→ **AIM OF THE EXERCISE**: Pictures are to be dropped, and only the lines from the one containing "Unser exklusiver BMW" through the end of the data below are to be reproduced as written.

→ **DATA EXTRACT**:
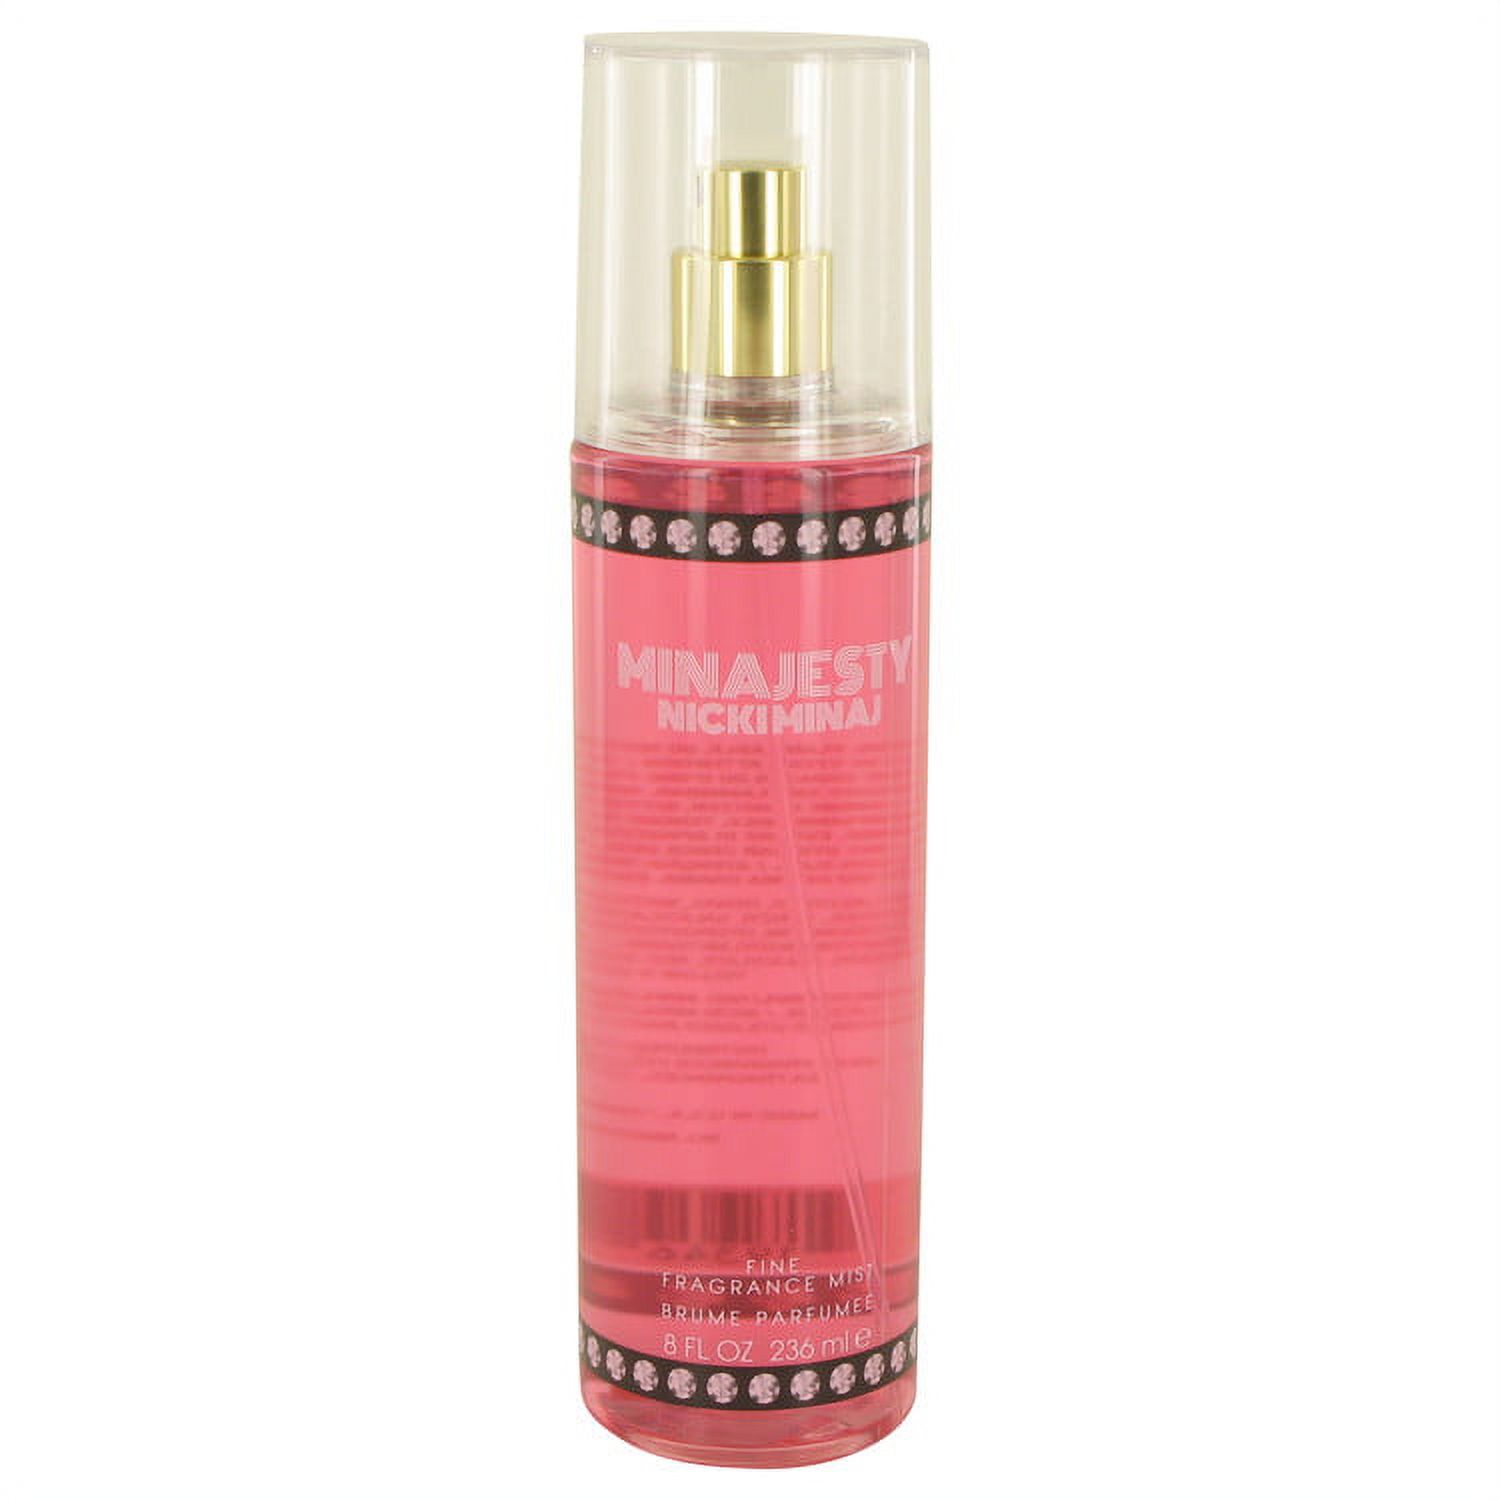 Women Fragrance Mist 8 oz By Nicki Minaj - image 1 of 1
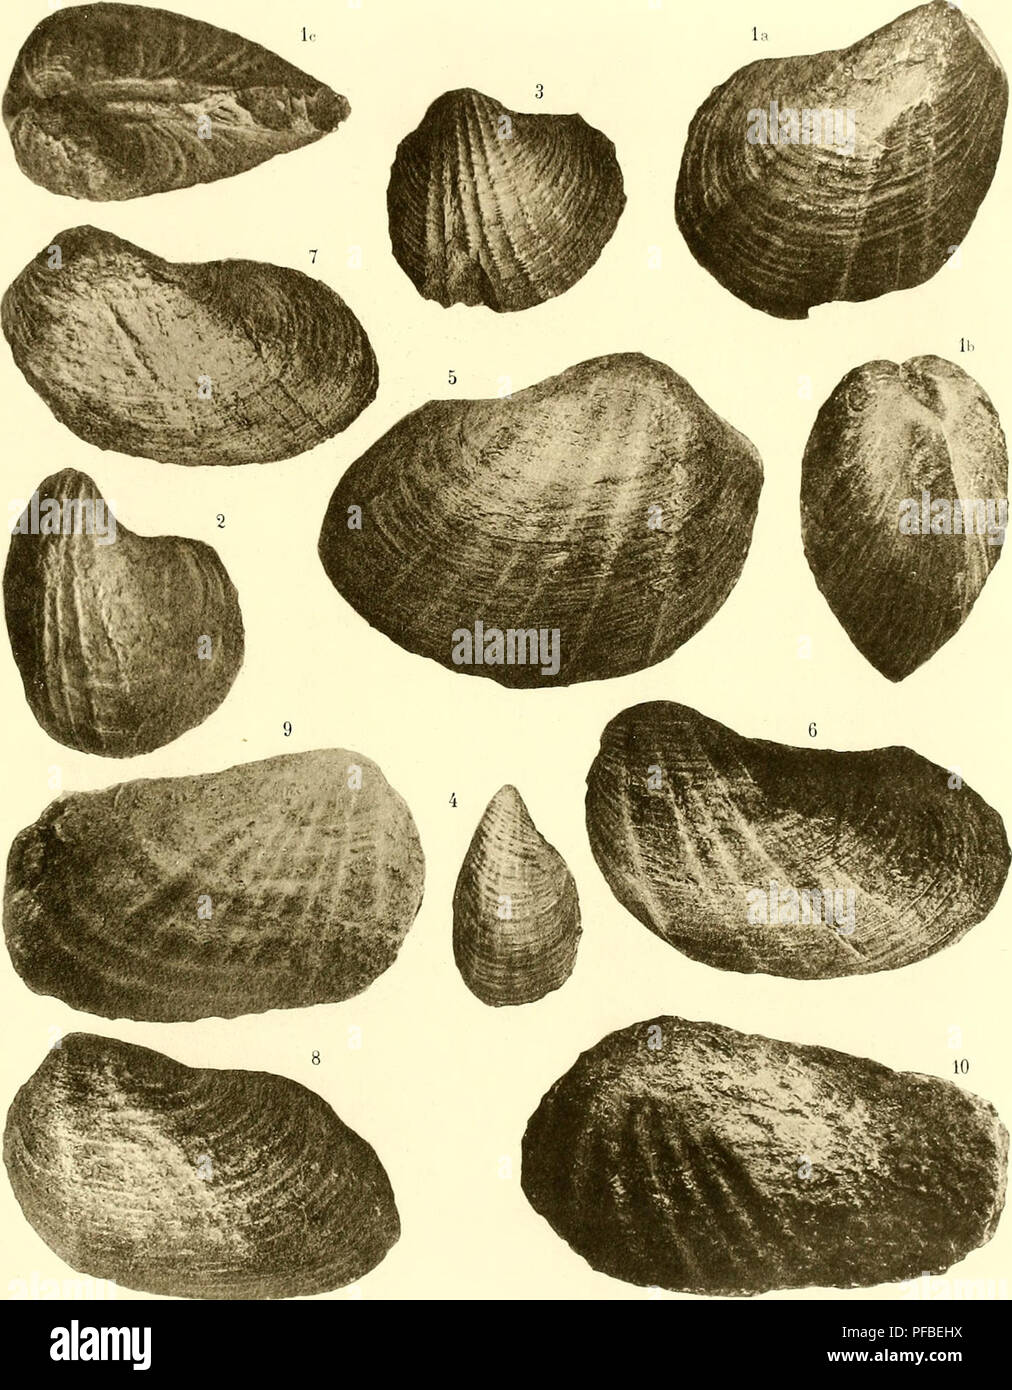 . Beschreibung de la Faune jurassique du Portugal: Mollusques Lamellibranches. FAUNE JUÎl/SSIQUE DU PORTUGAL au (', 'iiti HOFFAT (Mliljranchos. PL//.. cTicf e '^Tl (9,0). È' aiU: o.o^'-é-Otc-t^:. S.? cxp - Seele.. Bitte beachten Sie, dass diese Bilder sind von der gescannten Seite Bilder, die digital für die Lesbarkeit verbessert haben mögen - Färbung und Aussehen dieser Abbildungen können nicht perfekt dem Original ähneln. extrahiert. Choffat, Paul, 1849 -. Lisbonne. Imprimerie de l'Académie royale des sciences Stockfoto
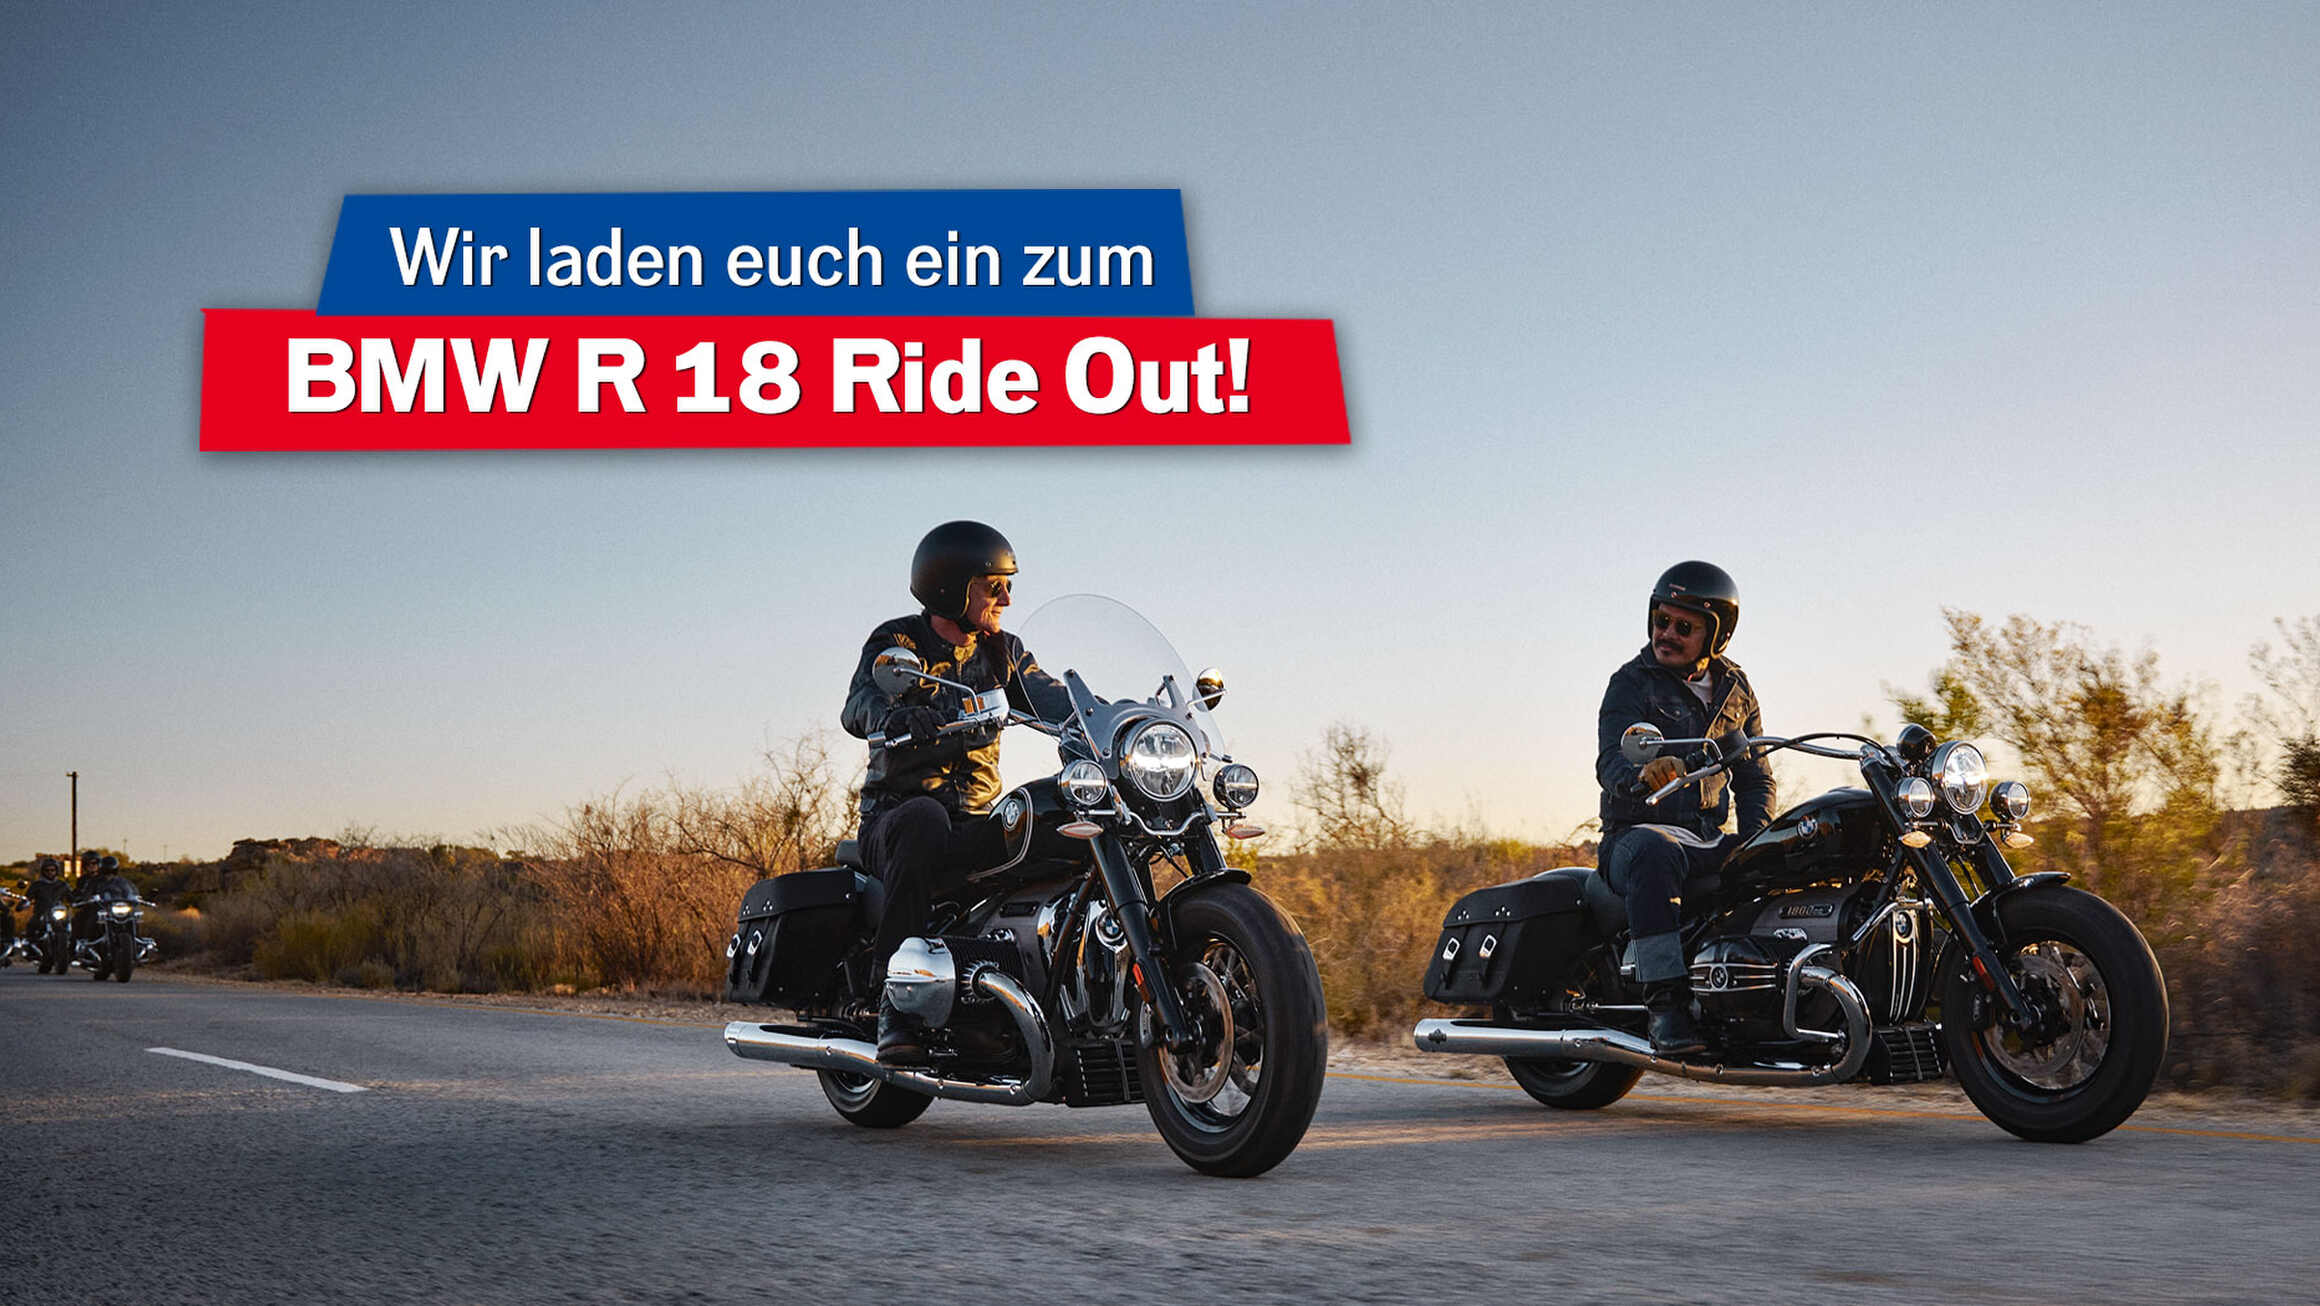 Unser exklusiver BMW R 18 Ride Out am 18.06. - jetzt bewerben!
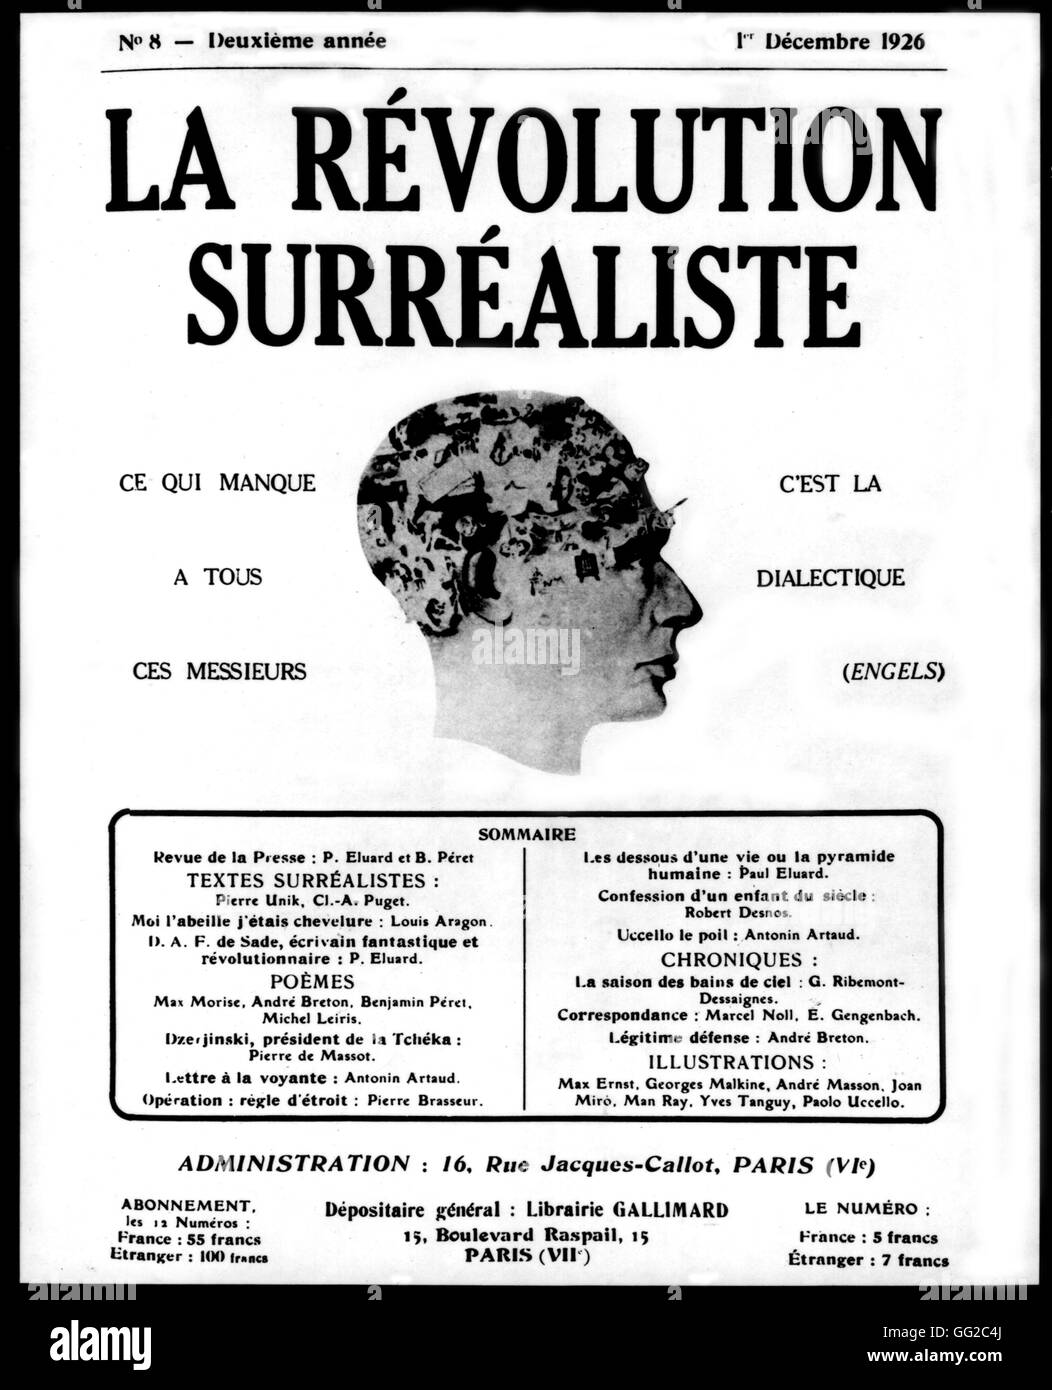 Issue #8 of the magazine 'La révolution surréaliste' December 1st, 1926 France Paris, Bibliothèque Jean Doucet Stock Photo

→ **YOUR RESPONSE**:
 Unser exklusiver BMW R 18 Ride Out am 18.06. - jetzt bewerben!
 Issue #8 of the magazine 'La révolution surréaliste' December 1st, 1926 France Paris, Bibliothèque Jean Doucet Stock Photo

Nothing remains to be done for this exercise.